Ветвь оливы
Шрифт:
— Да… — Пуаре продолжал заботливо придерживать меня за плечи, усадив на обитую бархатную скамейку и вглядываясь мне в лицо с более искренней тревогой чем прежде, пока я, сволочь такая, исподтишка следил за ним, не забывая просчитывать в уме, что с ним можно будет сделать при малейших признаках опасности. — Послушай, у тебя же лихорадка! Знаешь, так бывает — становится лучше, а потом… Надо вернуться?!
— Ничего… Пройдет.
Круги перед глазами стали выцветать, теряя ядовитую яркость и вращаясь все медленнее. На самом деле, я и сам уже немного тревожился,
А в следующее мгновение я перестал беспокоиться. Самочувствие стремительно улучшалось, а сознание прояснилось, став чистым как стеклышко.
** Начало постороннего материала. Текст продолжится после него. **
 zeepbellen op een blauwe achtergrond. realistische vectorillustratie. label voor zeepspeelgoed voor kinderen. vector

Периоды слабости сменялись ощущением почти полного восстановления, будто мой организм, то и дело расклеиваясь, тут же «склеивался» снова, и с каждым разом у него это получалось лучше и лучше. Интересный эффект, но не то, чтобы какой-то уникальный. К тому же, благодаря этим приступам я даже все еще походил на нормального человека. Пуаре на самом деле разволновался, увидев меня в таком состоянии, тогда как будь все гладко, на его месте я перестал бы верить самому себе и на ломаный грош.
Теодор наконец спокойно уселся на сиденье напротив и посмотрел на меня с глубокой укоризной, если не с осуждением.
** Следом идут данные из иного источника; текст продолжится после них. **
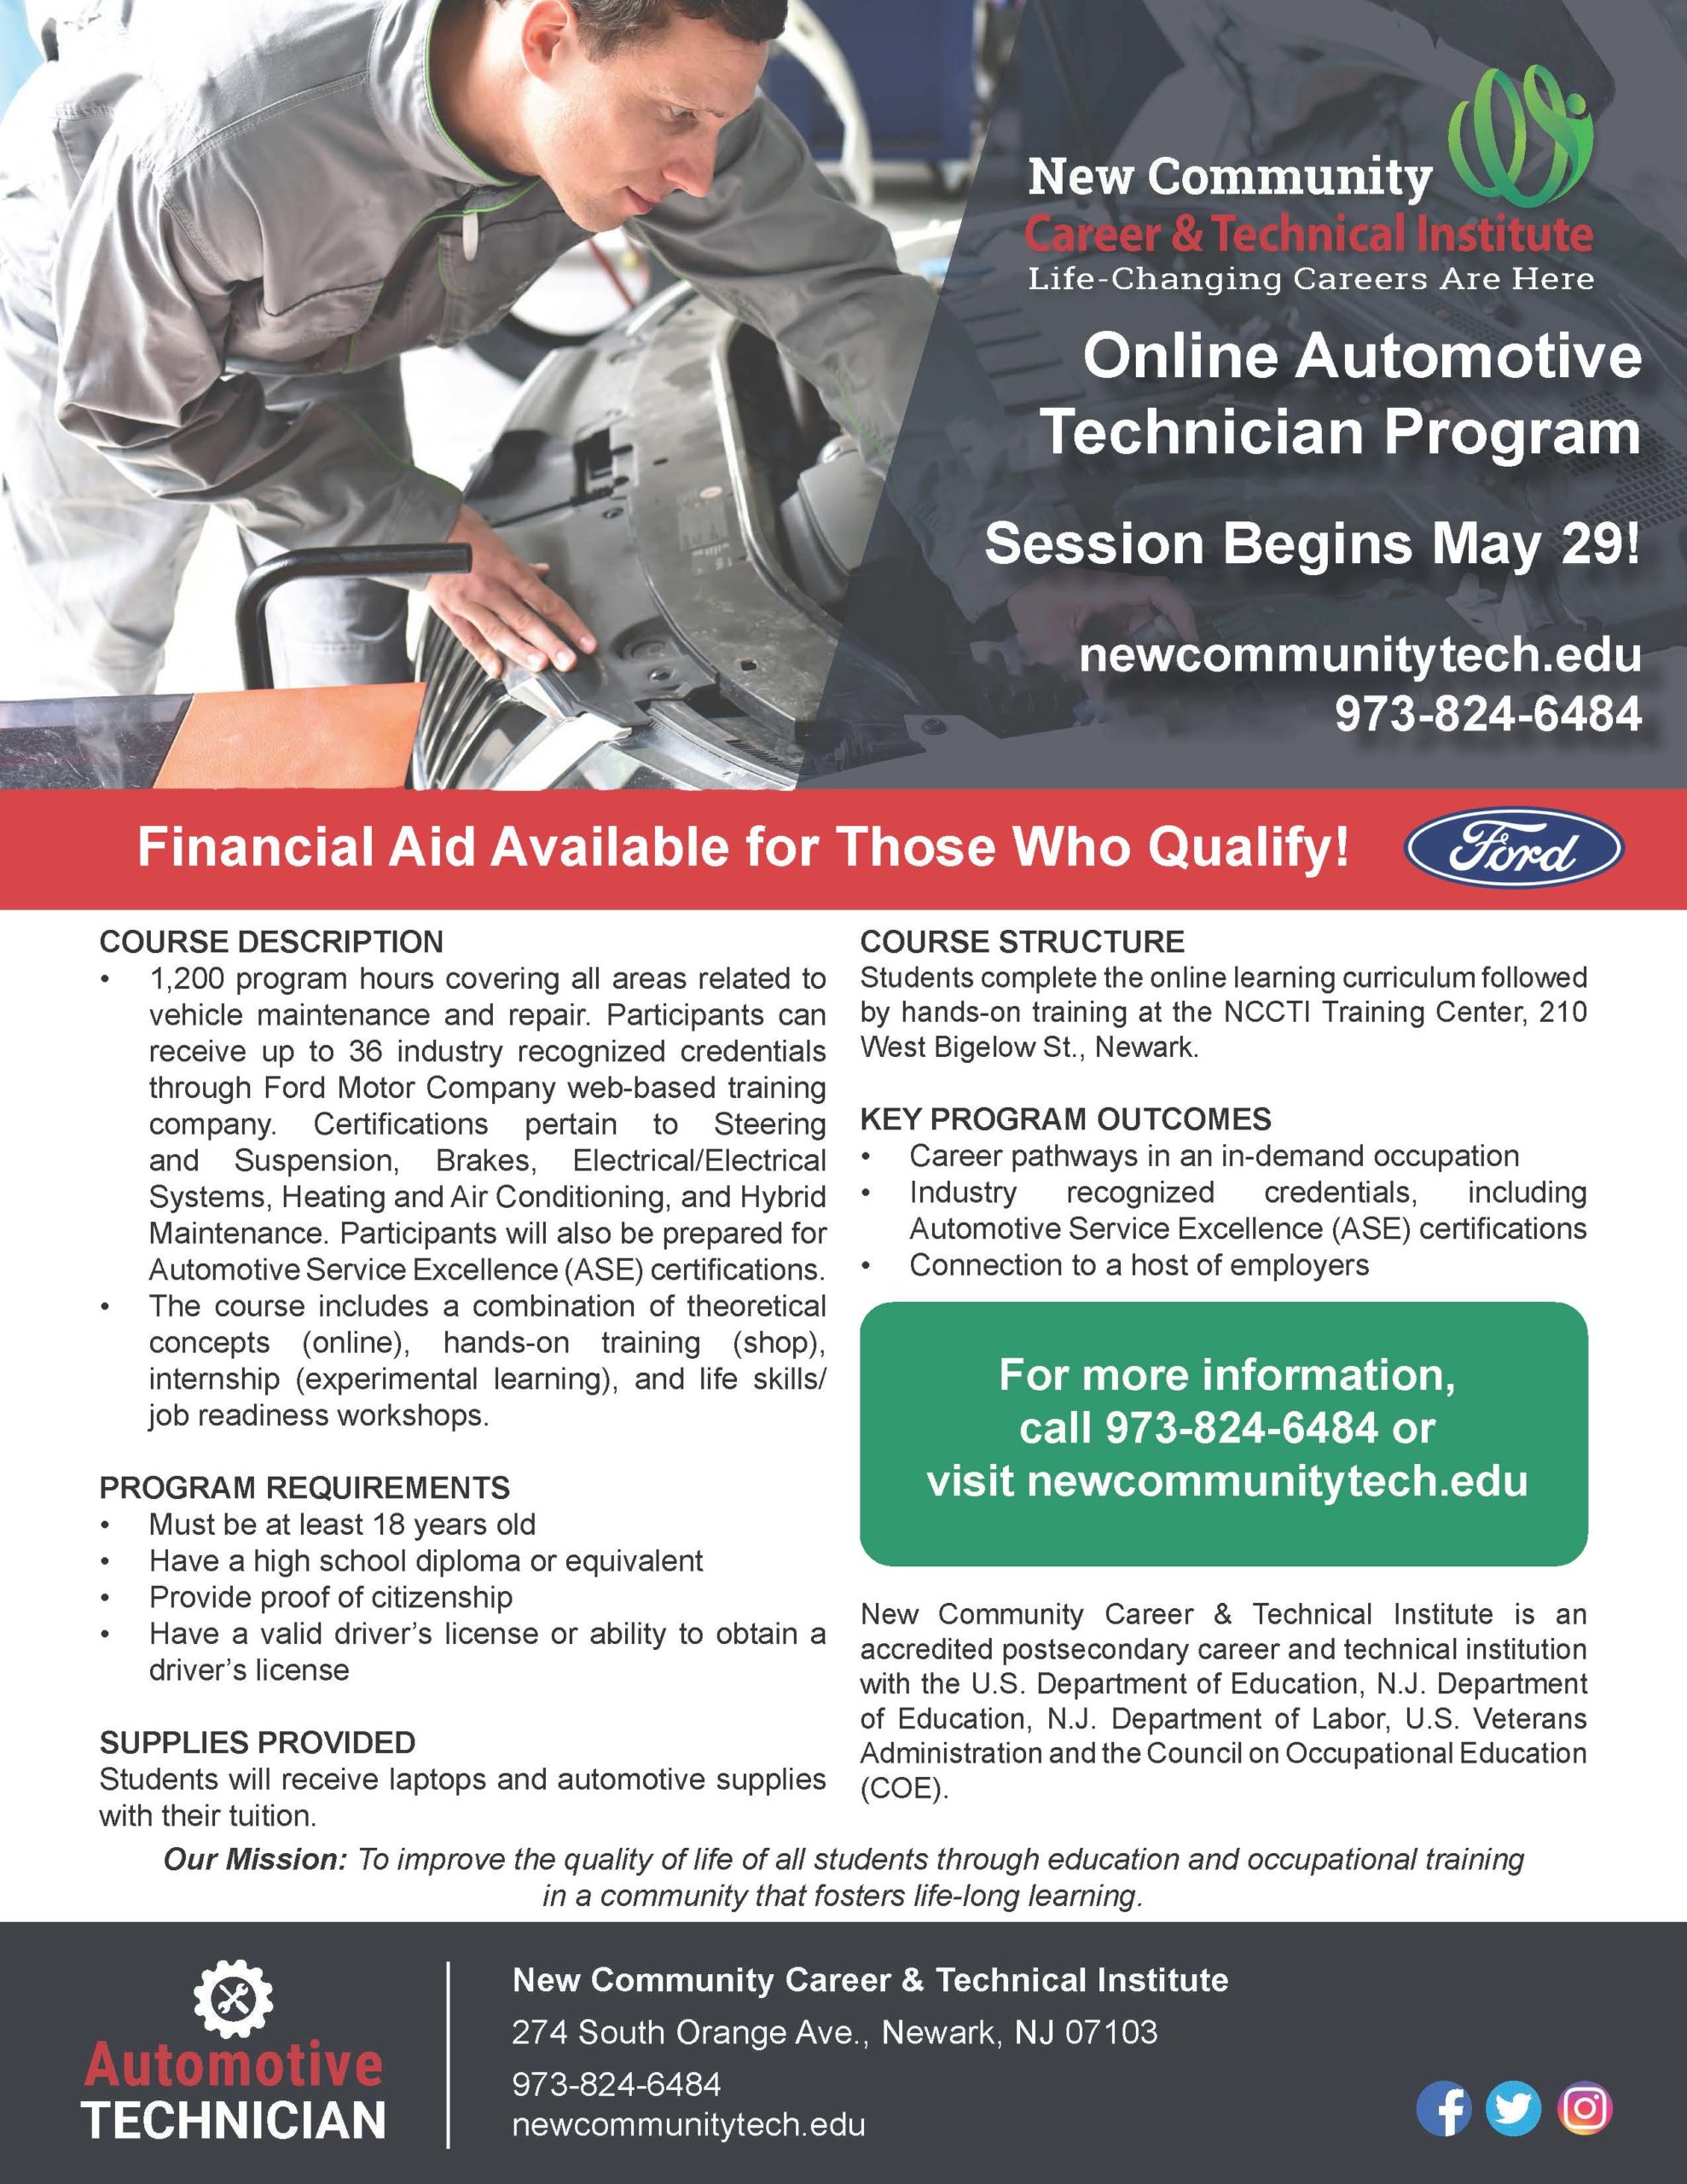 Online Automotive Program Flyer 4-30-2020

— Что происходит, Поль? И как ты только во все это вмешался?
— Расскажу, когда узнаю получше. — Это была шутка. Есть вещи, о которых не рассказывают.
Он насупленно покосился в окно.
— Это ведь ты расспрашивал меня о хранителях, когда еще ничего не было ясно. Ты что-то знал или подозревал.
— Я бы не расспрашивал, если бы все знал.
Пуаре кивнул и снова молча уставился в окно.
Что ж, и он никогда не был склонен откровенничать о вещах, которые казались ему государственными.
— Я думал, ты не любишь политику, — пробормотал он, спустя какое-то время.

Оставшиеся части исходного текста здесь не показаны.